Солнечным днем Констанция подходила к дому леди Франклин на Саут-Холкин-стрит: окна снова были затянуты тюлевыми шторами. Констанция позвонила; давно она так не волновалась: любопытство, которое испытывала она по дороге, улетучилось без следа, заготовленные фразы вылетели из головы, ей хотелось только одного — поскорее откланяться. Оказавшись в гостиной, она толком не осмотрелась, но только заметила, что диван, на котором еще недавно позировала леди Франклин, был придвинут к стене и так обложен подушками, что на него нельзя было присесть, в чем Констанция увидела особый умысел.

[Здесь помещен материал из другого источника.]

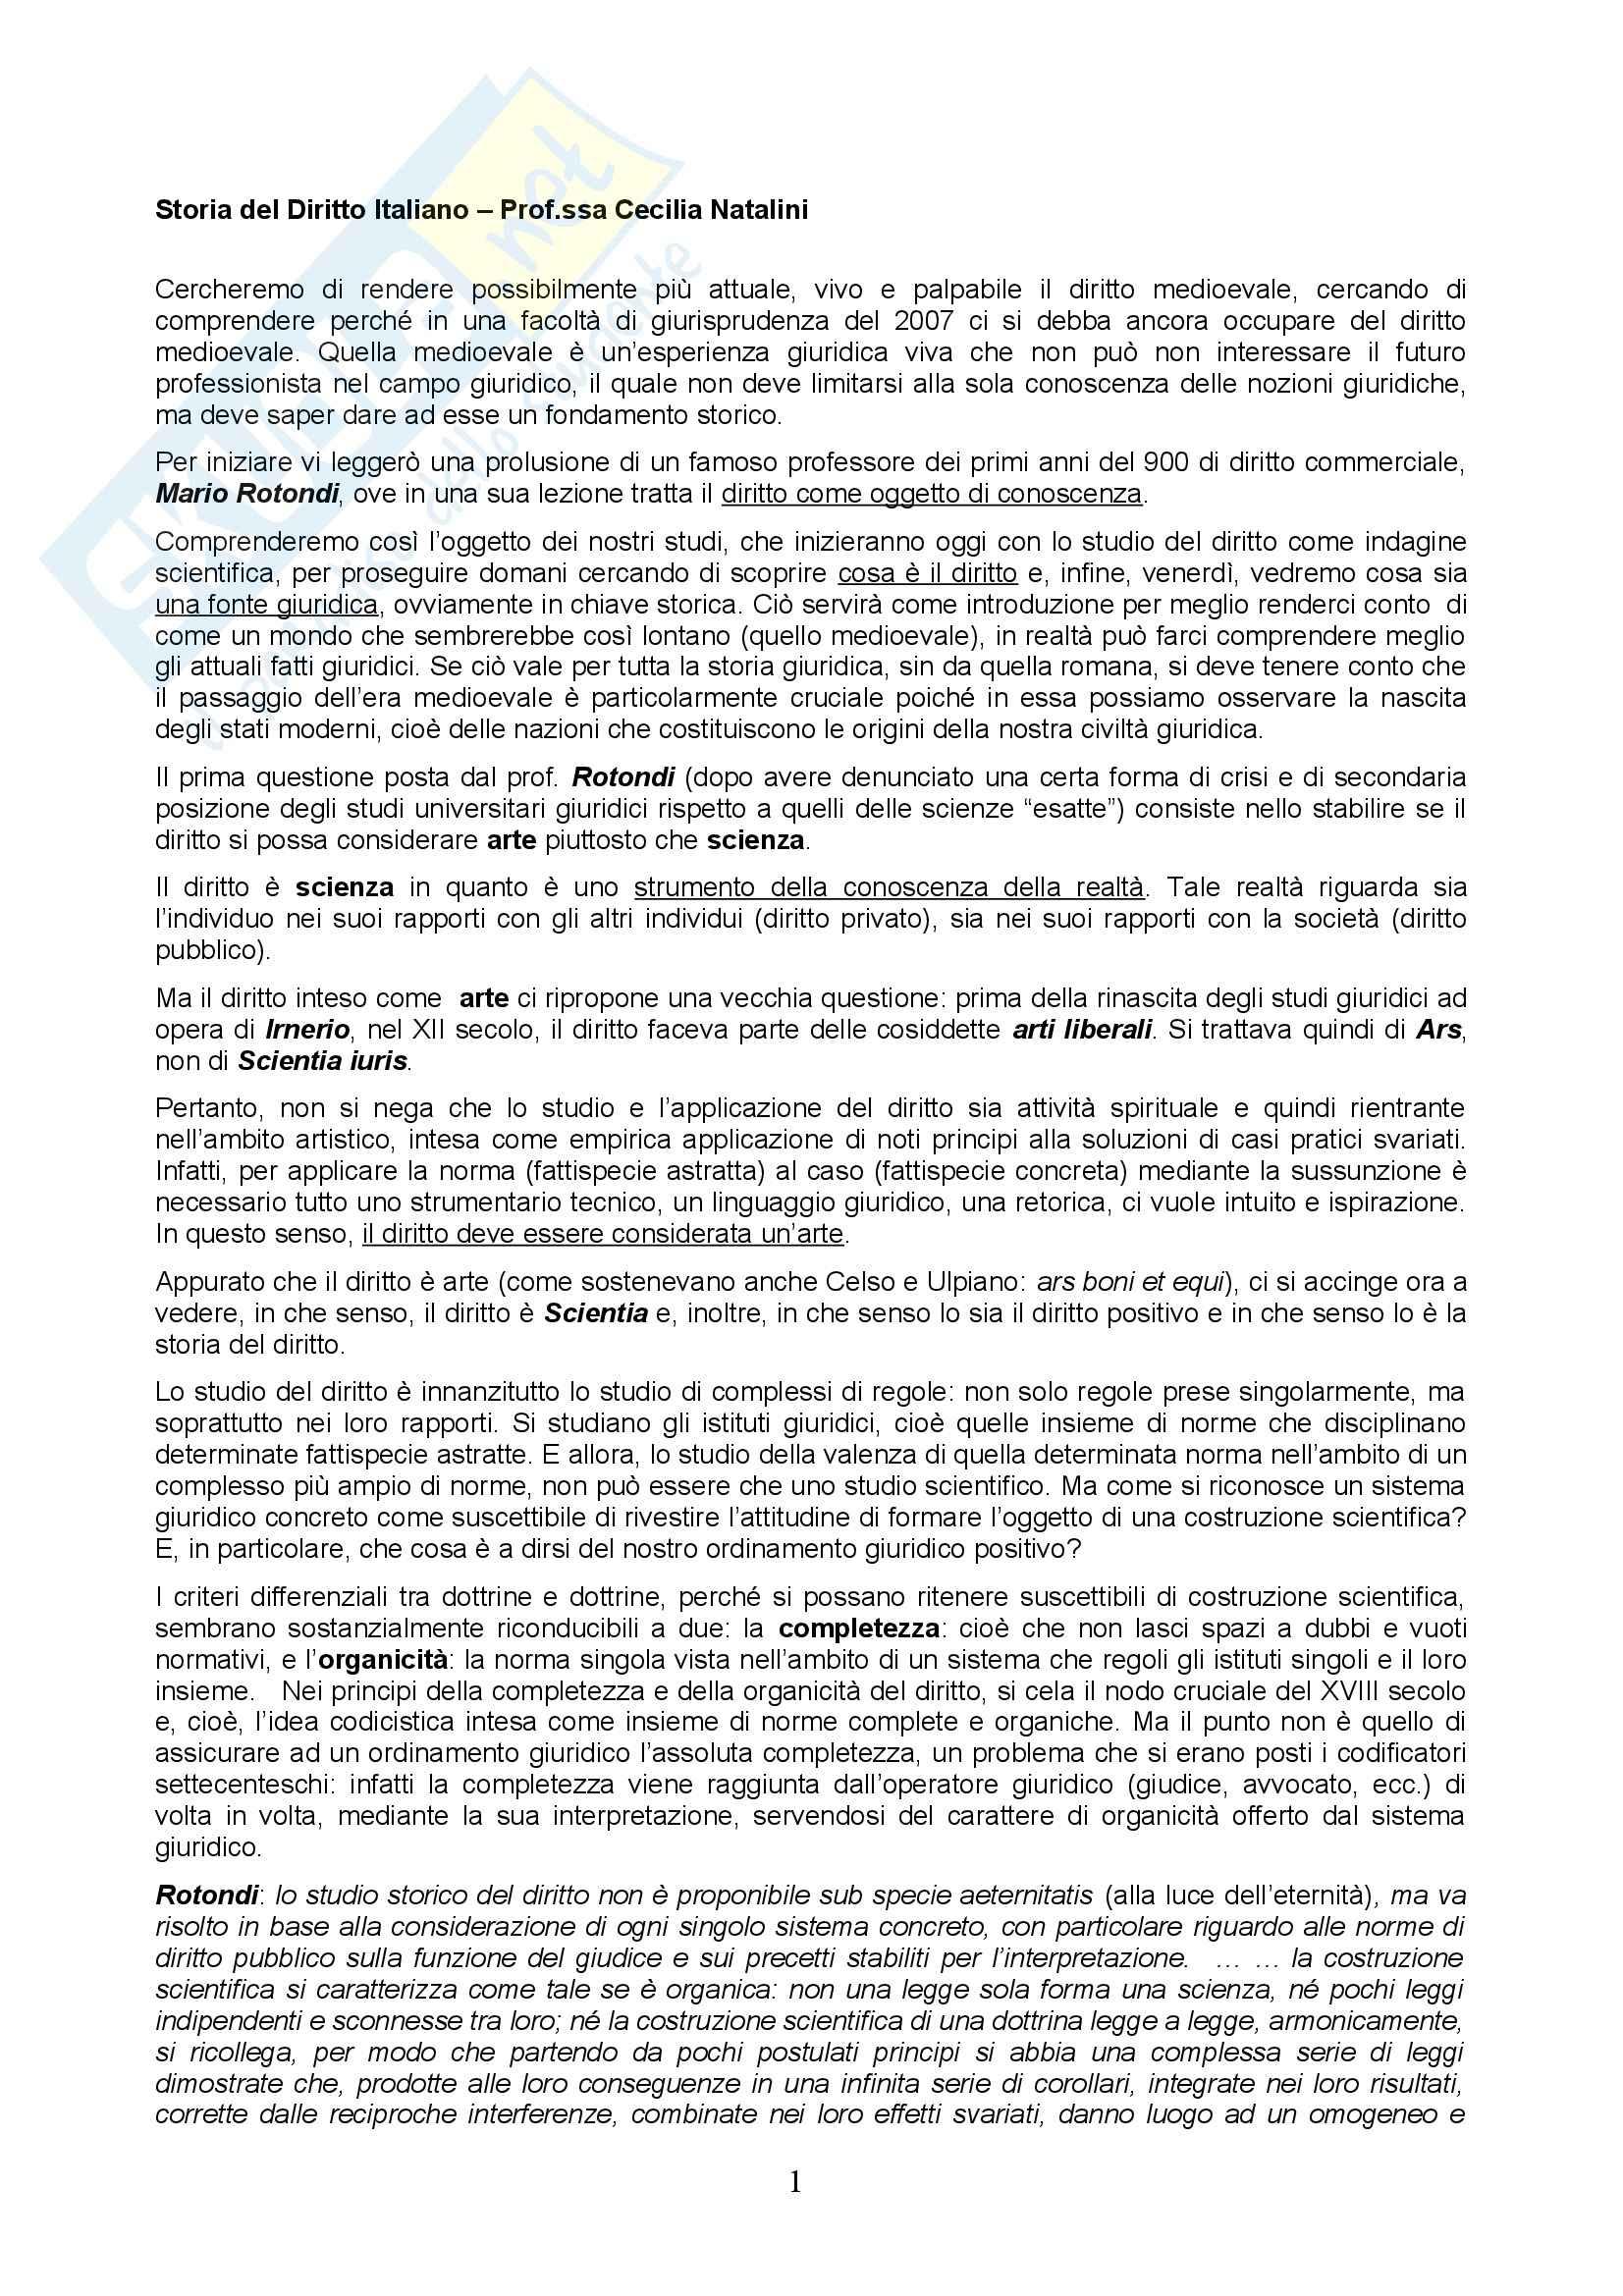 Storia del diritto italiano - lezioni

Спустя минуту появилась и леди Франклин — Констанции она показалась какой-то съежившейся, на ней опять была привычная сине-белая униформа. Она внесла с собой так мало индивидуального, что, казалось, в комнату никто и не вошел. Комната, в свою очередь, тоже никак не отозвалась на появление хозяйки, и когда та с присущей ей трепетностью произнесла: «Я так рада видеть вас, мисс Копторн», — Констанция была готова поклясться, что все этой ей послышалось и она по-прежнему в гостиной одна.

— Я к вам ненадолго, — пролепетала Констанция, усаживаясь в кресло у низкого чайного столика и испытывая ощущение, что безбожно злоупотребила гостеприимством хозяйки. — Я знаю, вы быстро устаете...

14

В здравом рассудке (лат.).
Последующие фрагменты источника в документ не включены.